About the Cardiovascular Inflammation and Redox Biology laboratory
Research in the Cardiovascular Inflammation and Redox Biology laboratory focuses on improving the lives of people with diabetes by reducing the burden of cardiovascular disease.
By identifying novel therapies aimed at lowering both inflammation and oxidative stress, our research is opening new areas for drug discovery. These preclinical studies represent crucial first steps in understanding how to better tackle the complications that arise from this fast-growing health issue, particularly given the obesity epidemic and its link to type 2 diabetes.
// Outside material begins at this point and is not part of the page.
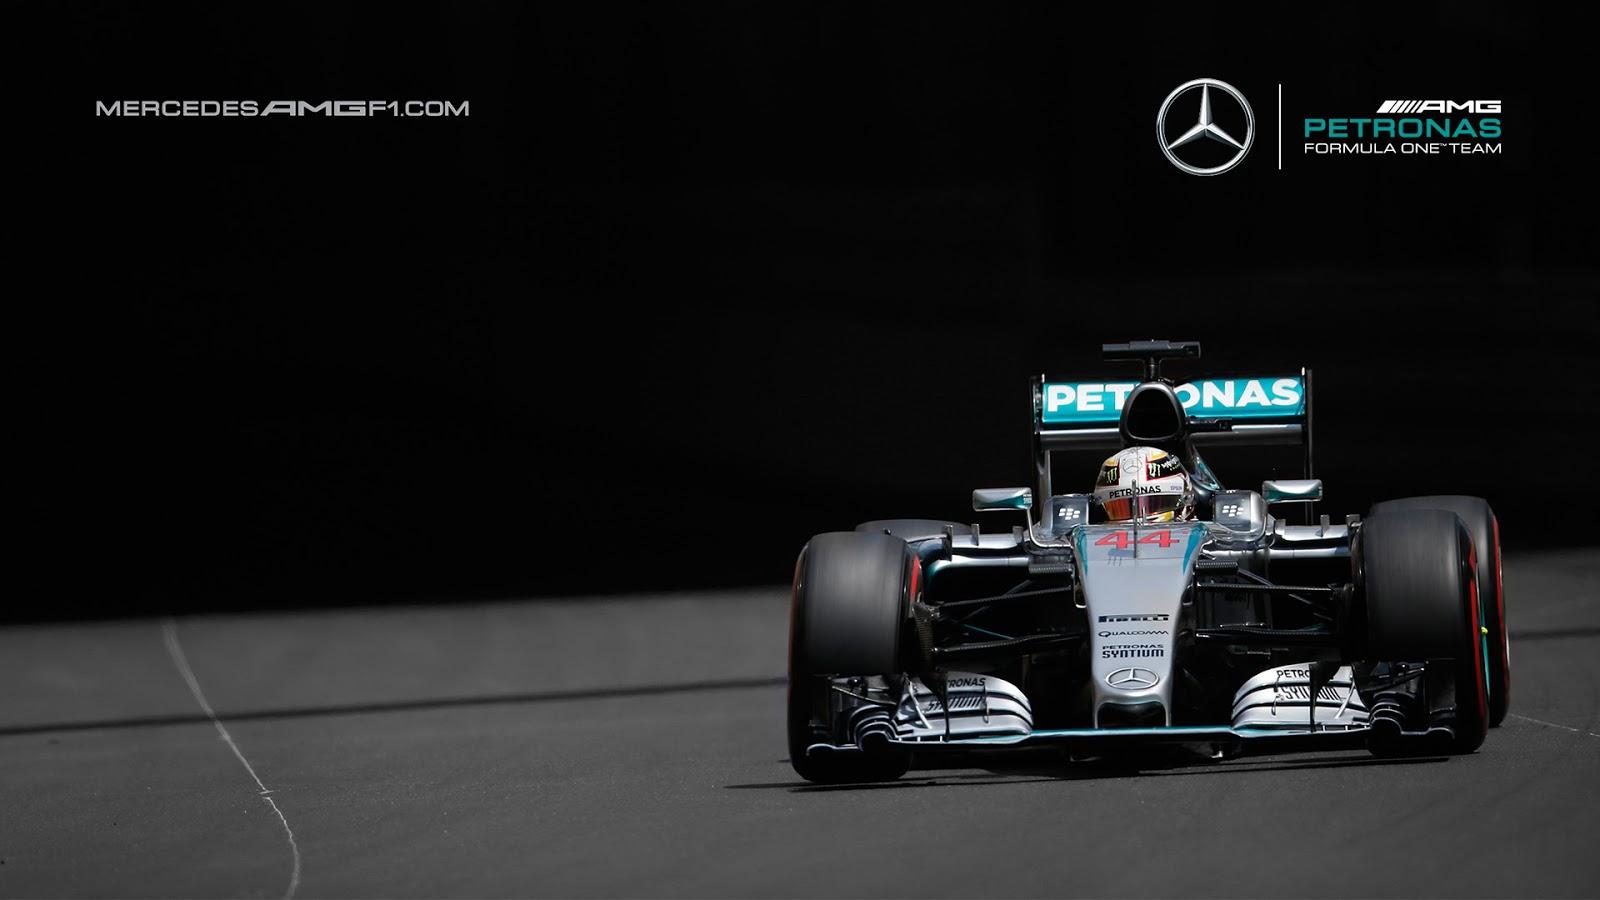 Mercedes amg f1 iphone wallpaper 8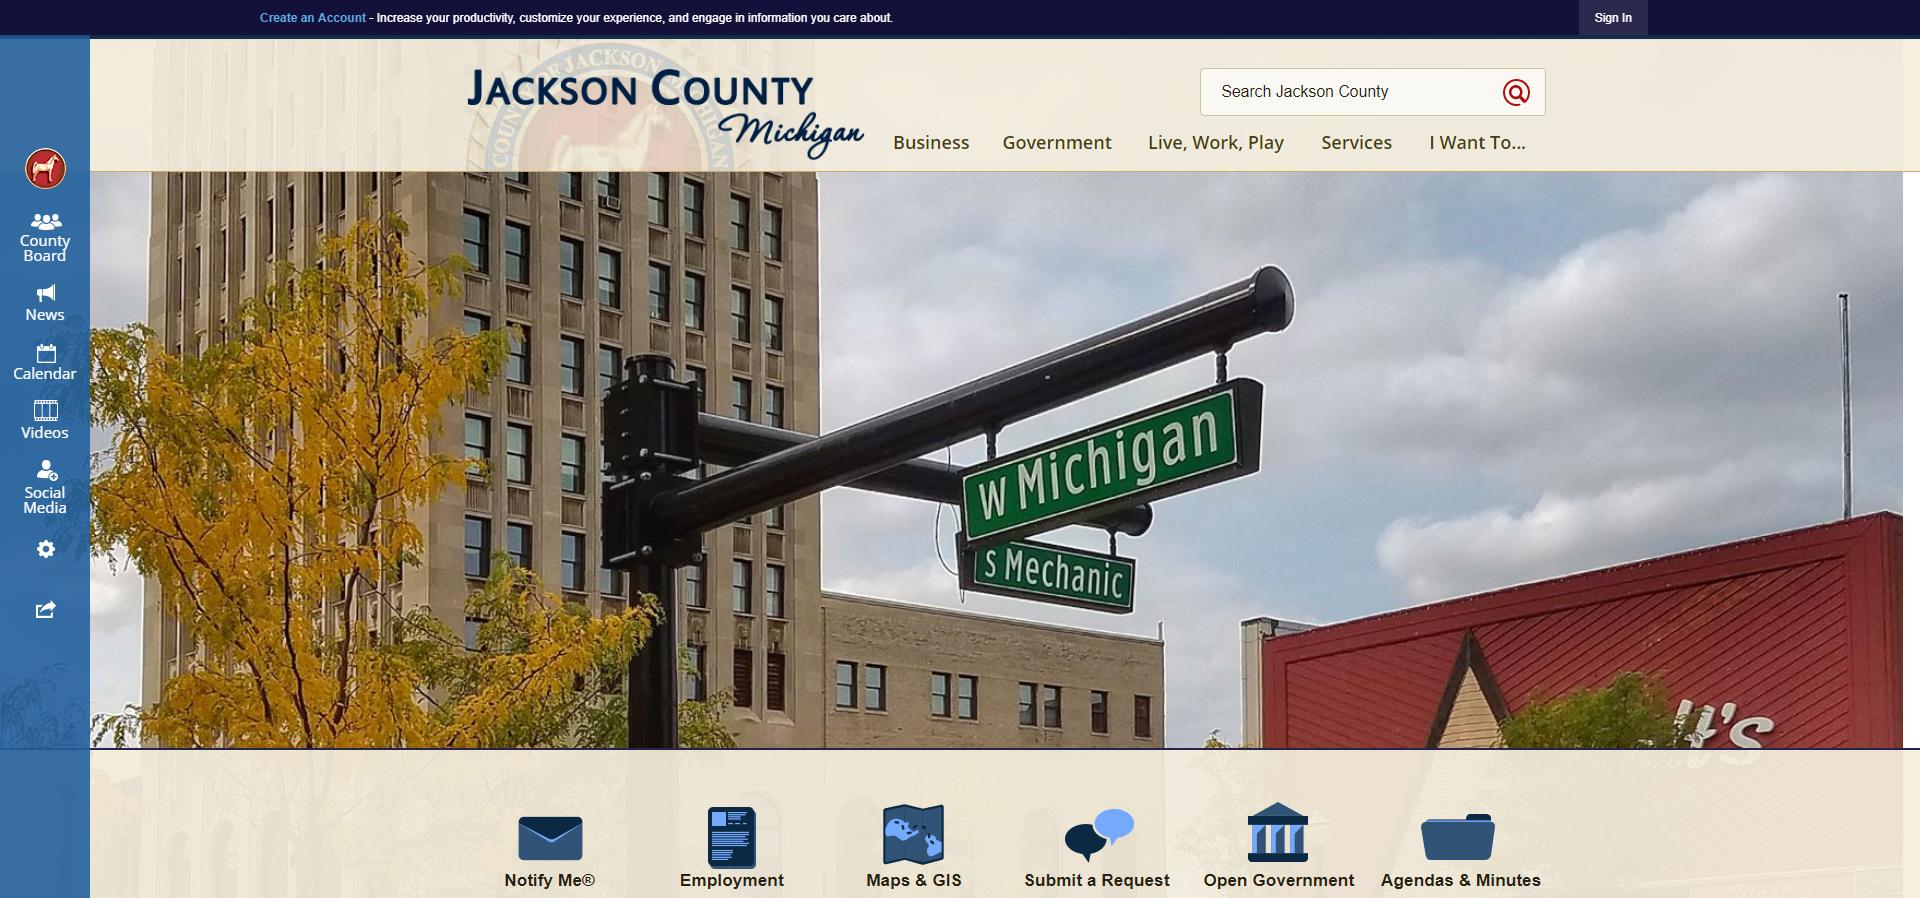 Jackson_County_MI_2018_Digital_Counties_Award_Winner

Understanding inflammation and oxidative stress in diabetes
Our research seeks to define how inflammation and oxidative stress drive the development and progression of diabetes-associated cardiovascular diseases. We investigate the cellular and molecular mechanisms that link metabolic dysfunction to activation of innate immune pathways, focusing particularly on chronic low-grade inflammation, dysregulated redox balance, and immune cell reprogramming.
By dissecting key signaling networks, including the NLRP3–Gasdermin D inflammasome axis and NRF2-mediated antioxidant responses, we aim to understand how these pathways shape immune metabolism, promote adverse vascular remodeling, and influence immune cell colonisation within cardiovascular tissues. Through this mechanistic insight, our goal is to identify precise targets for therapeutic intervention that can prevent or attenuate cardiovascular complications in diabetes.
Tackling vessel re-closure after stenting
Another interest of our laboratory centres on understanding the mechanisms behind vascular remodelling (restenosis) after balloon angioplasty and stenting. Diabetic patients face a four-fold increased risk of vessel re-closure after coronary artery stenting.
Current drug-eluting stents (DES) indiscriminately inhibit all cell growth. Our unique approach encourages endothelial cell growth — which helps healing — whilst limiting smooth muscle growth and the attachment of inflammatory cells to stent surfaces. Together with Swinburne University, we're trialling new stent coatings in in vitro and in vivo models.
Research highlights
- Understanding fundamental processes
How oxidative stress impacts diabetic cardiovascular complications at a molecular level. - Impact of oxidative stress on inflammatory pathways
Including NF-κB, MAP kinases, NLRP3 inflammasome activation, caspase maturation and cytokine production. - Reductive stress and vascular remodelling
Understanding how reductive stress affects blood vessel changes and disease progression. - Novel Nrf2 activators
Using novel activators of Nrf2 to limit diabetic cardiovascular disease. - Novel inhibitors of GasderminD to limit cytokine release by immune cells
Discovery pipeline of small molecules to target GasderminD to lessen inflammation - Immunometabolites as potent anti-inflammatory therapeutics
- Harnessing the anti-inflammatory properties of highly expressed immunometabolites to treat diabetes-mediated CVD.
- Tackling diabetes-driven restenosis to improve the life of a stent with a focus on reducing oxidative and inflammatory stress.